Meanwhile, with seven months to go before the 1993 festival, officials are slowly parceling out information about this year’s programming.

“Home, Place and Memory” is the theme of the fourth major city-wide festival, featuring artists and groups representing “African, African-American, Middle Eastern and Middle-Eastern American peoples in Los Angeles, the Americas and throughout the world.”

This year’s festival will run from late August until the end of October--with a break for the Jewish High Holy Days in mid-September. “We want to be sensitive to the sacred traditions” of the peoples represented, said Allison Sampson, executive director of the festival.

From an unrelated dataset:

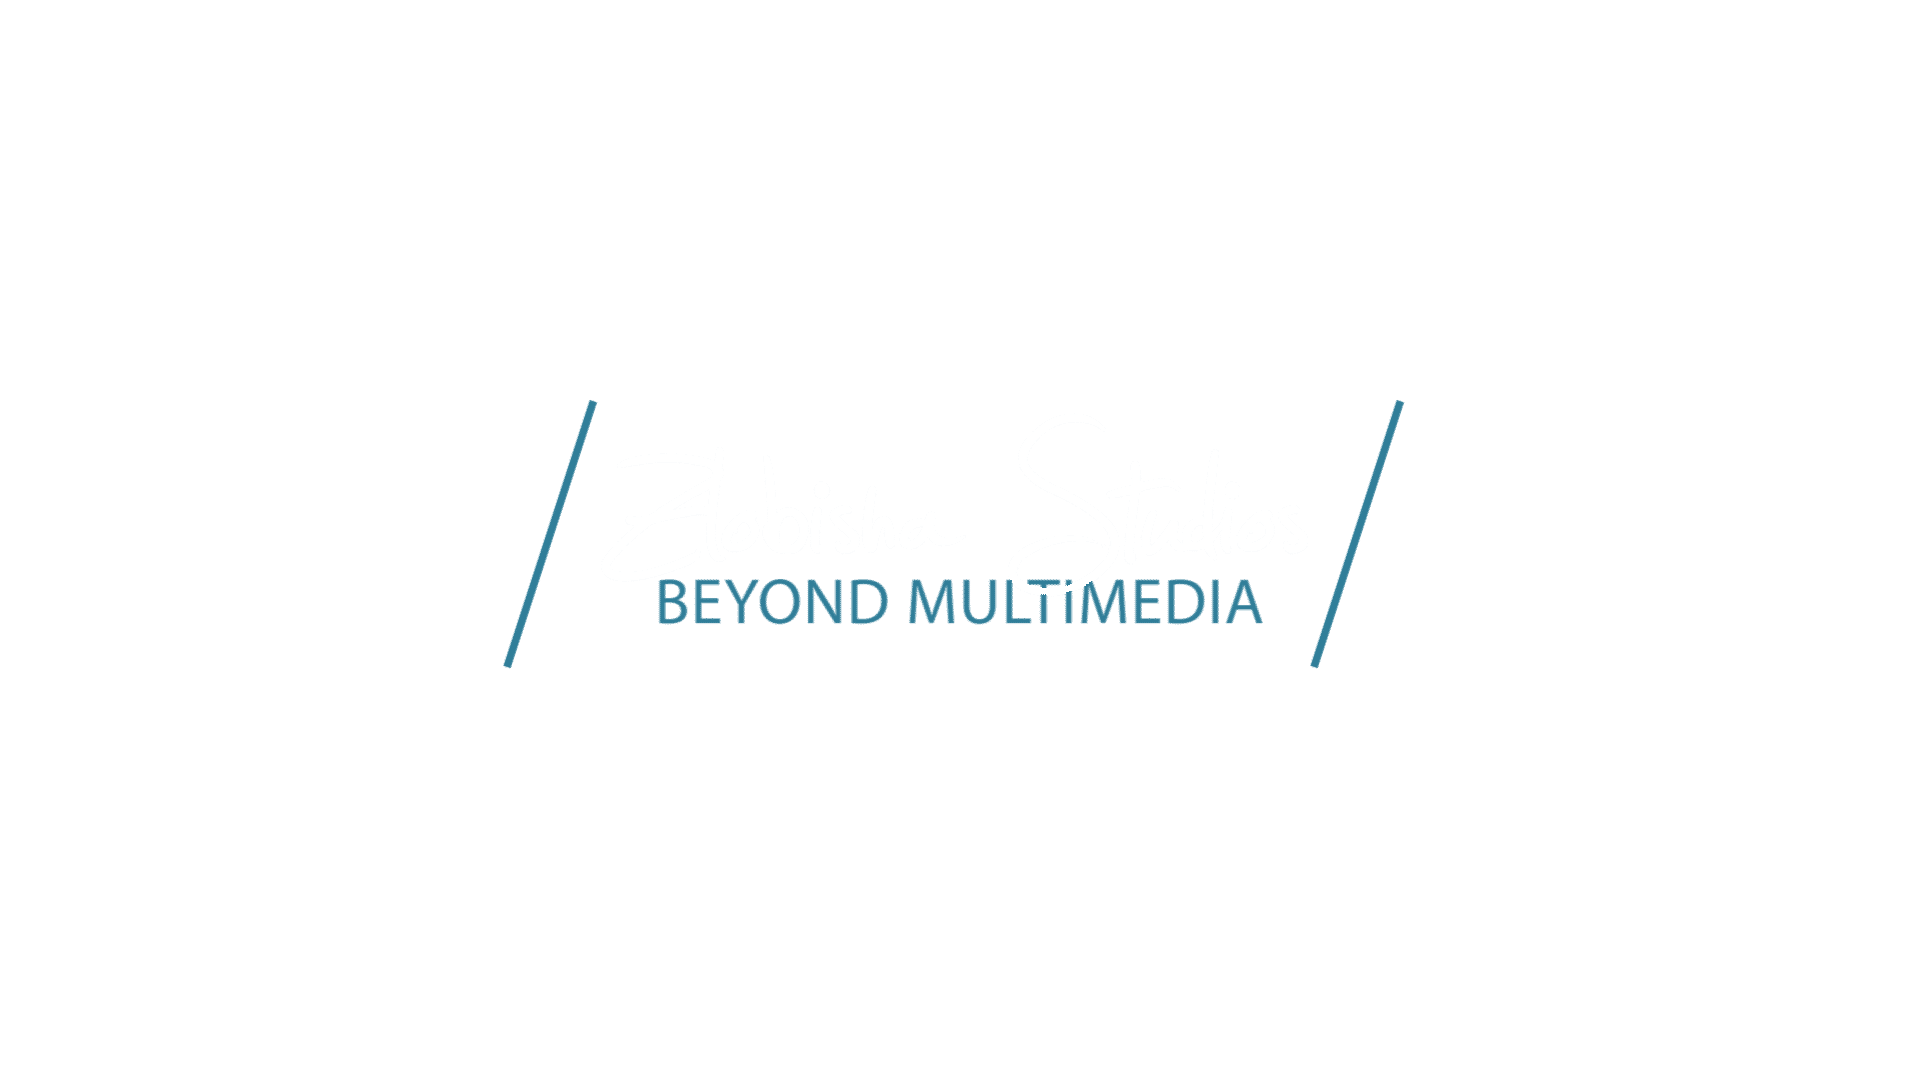 Zlobisha Studios Logo

Late last week, festival officials announced the first group confirmed to participate in the $5-million event, Sweet Honey in the Rock, a women’s a cappella ensemble whose music ranges from gospel and blues to songs from Africa and the Caribbean. Its lead singer and artistic director is Bernice Johnson Reagon, a curator at the Smithsonian Institution in Washington.

This trickling out of announcements is typical of L.A. Festivals, whose roots go back to the blockbuster Olympic Arts Festival in the summer of 1984, followed by the smaller-scaled festivals of 1987 and 1990. From a high of nearly $12 million in 1984, the festivals that followed downsized substantially: $5.9 million in 1987; $5.6 million in 1990.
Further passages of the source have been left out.